The subdifferentials of the first and second orders for Lipschitz functions

TL;DR

This paper develops a unified theory of first and second order subdifferentials for Lipschitz functions using Steklov integrals, providing new rules, equivalences, and calculus for optimization applications.

Contribution

It introduces novel constructions of subdifferentials via Steklov integrals and proves their equivalence with existing definitions, extending the calculus of subdifferentials for optimization.

Findings

Subdifferentials of first order coincide with average integral limits of gradients.

Subdifferentials of second order match second derivatives for twice differentiable functions.

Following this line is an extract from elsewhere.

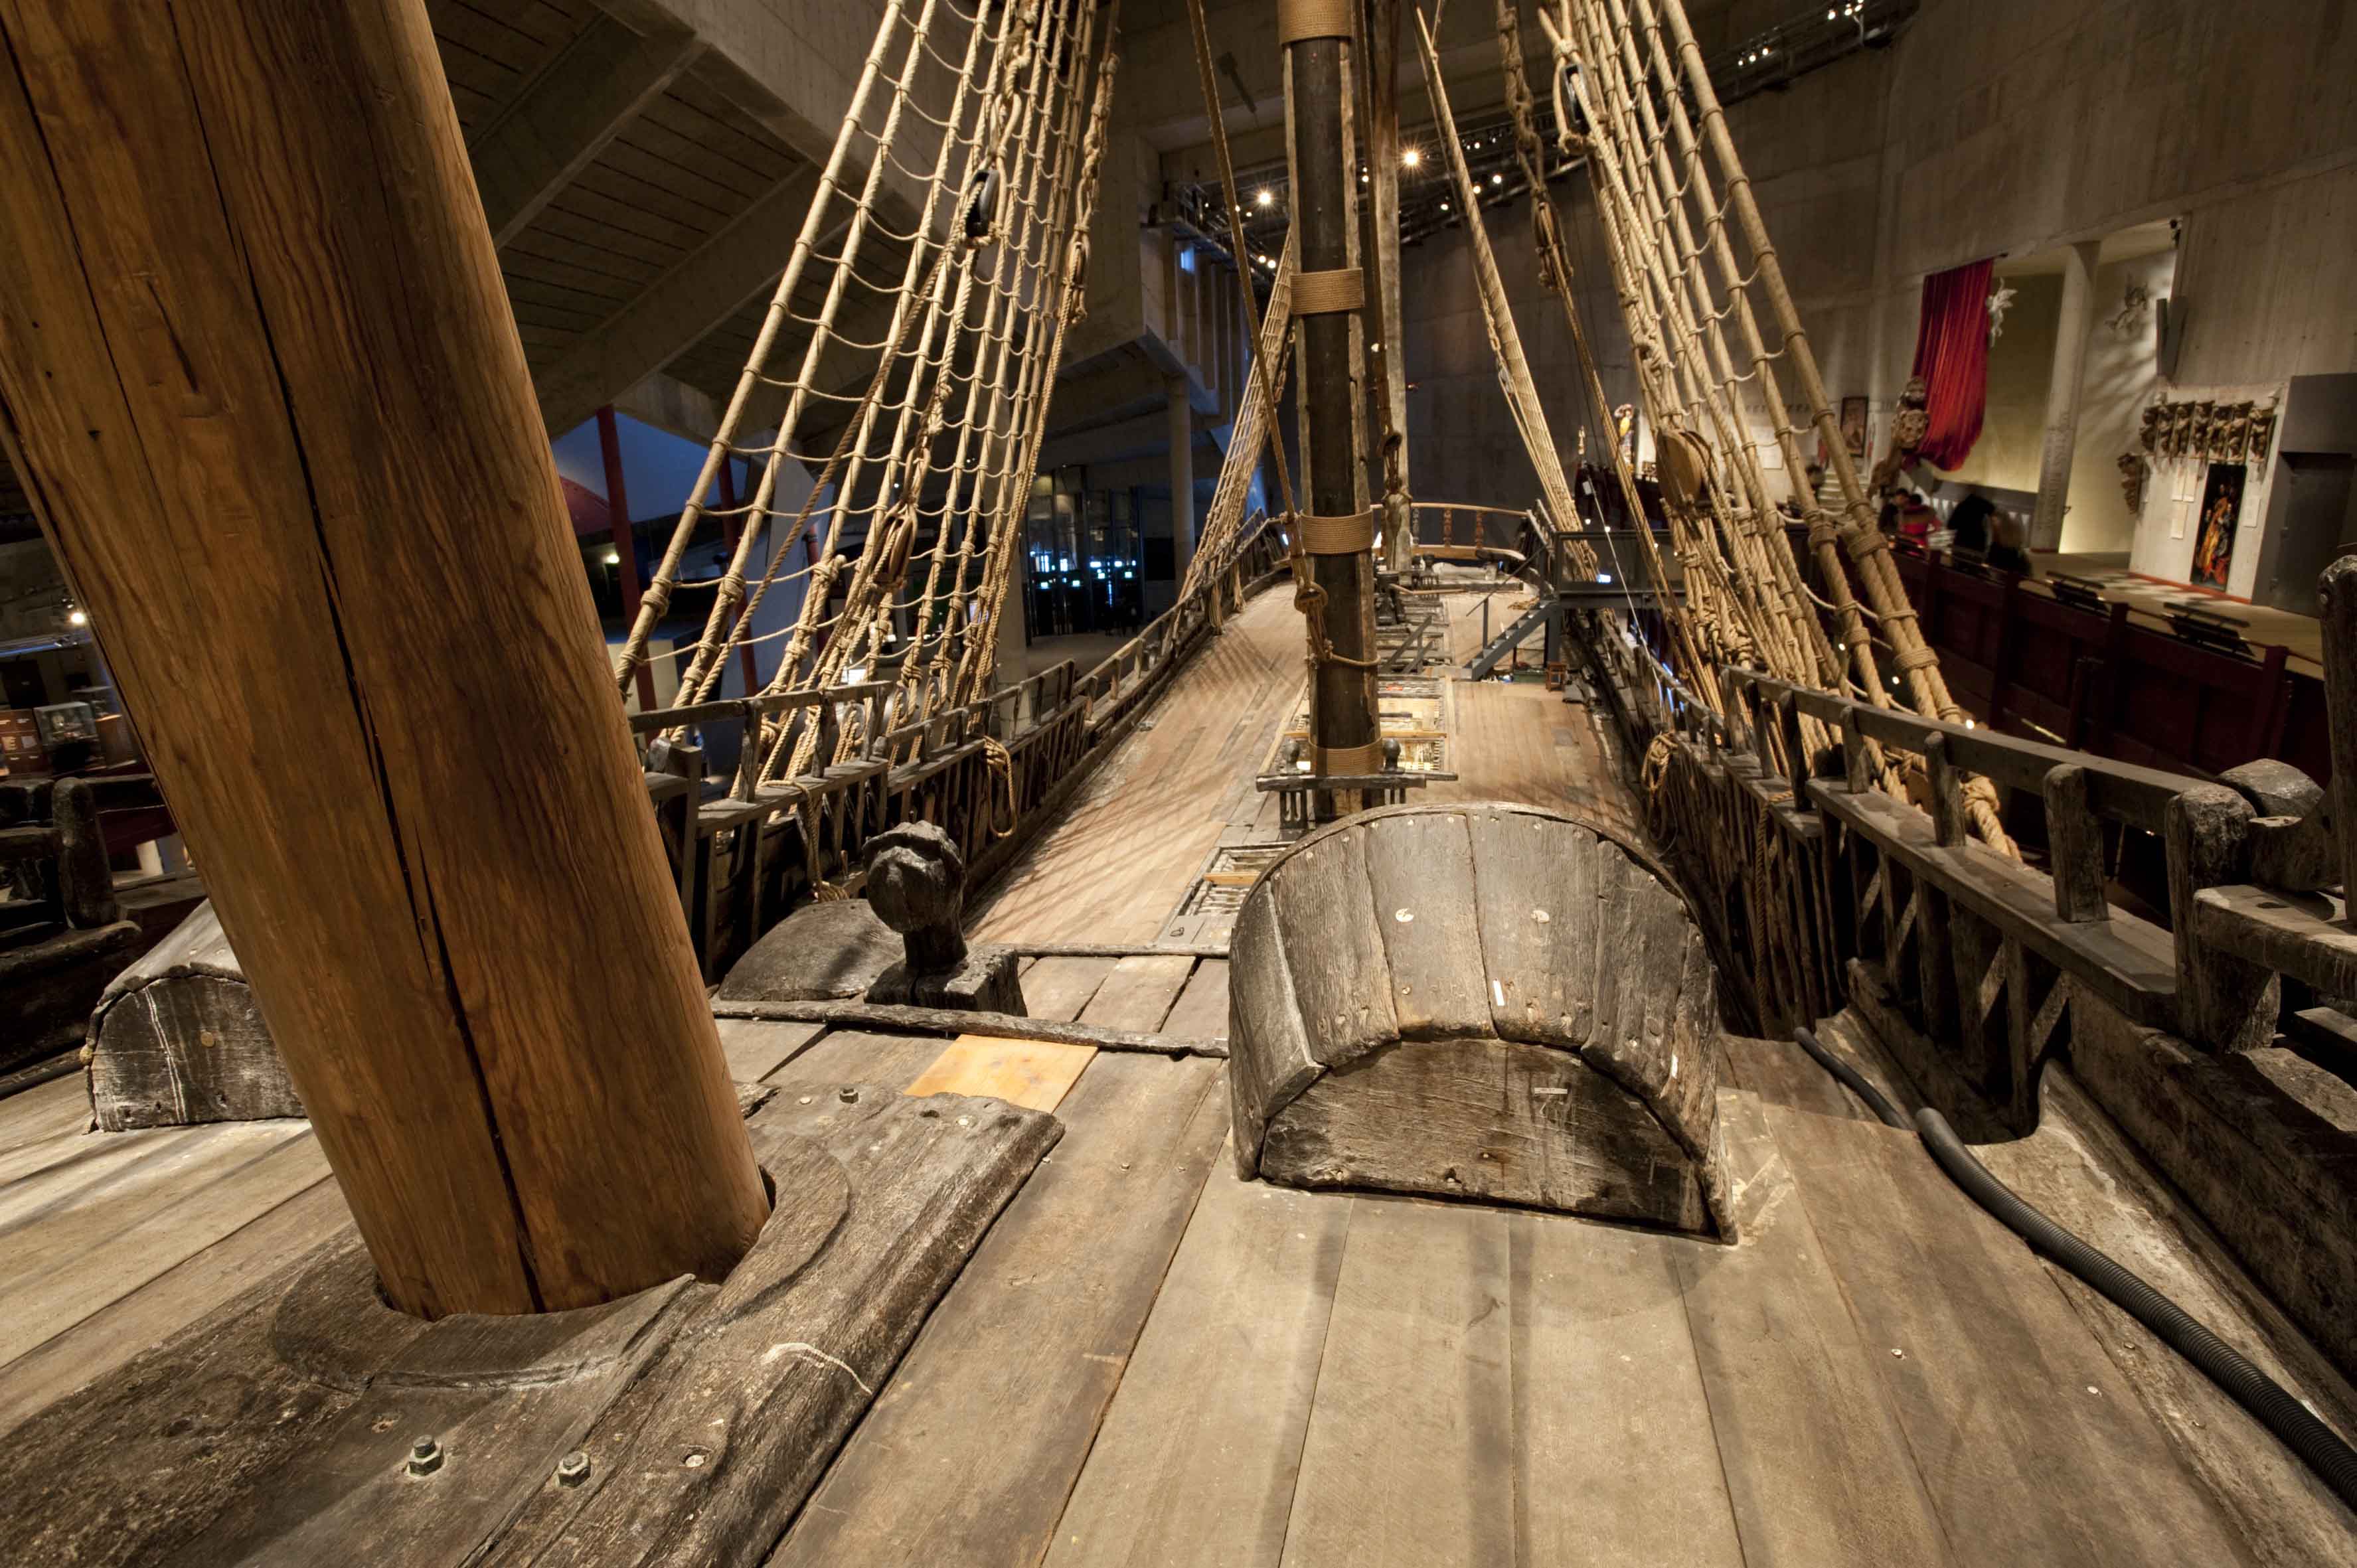 Палуба 7 букв. В трюме корабля Васа. Корабль vasa внутри. Капитанская каюта пиратского корабля 17 века. Палуба корабля.

The paper provides necessary and sufficient optimality conditions using generalized gradients.

Abstract

Construction of an united theory of the subdifferentials of the first and second orders is interesting for many specialists in optimization \cite{morduchrockafel}. In the paper the rules for construction of the subdifferentials of the first and second orders are introduced. The constructions are done with the help of the Steklov integral of a Lipschitz function $f(\cdot)$ over the images of a set-valued mapping $D(\cdot)$. It is proved that the subdifferential of the first order consisting of the average integral limit values of the gradients $\nabla f(r(\cdot))$, calculated along the curves $r(\cdot)$ from an introduced set of curves $\eta$, coincides with the subdifferentials of the first order constructed using the Steklov integral introduced by the author for the first time in \cite{lowapp2}, \cite{lowapp2a}. If the function $f(\cdot)$ is twice differentiable at $x$ then the subdifferentials of the first and second orders coincide with the gradient $\nabla f(r(\cdot))$ and the matrix of the second mixed derivatives of $f(\cdot)$ at $x$. The generalized gradients and matrices are used for formulation of the necessary and sufficient conditions of optimality. The calculus for the subdifferentials of the first and second orders is constructed. The examples are given.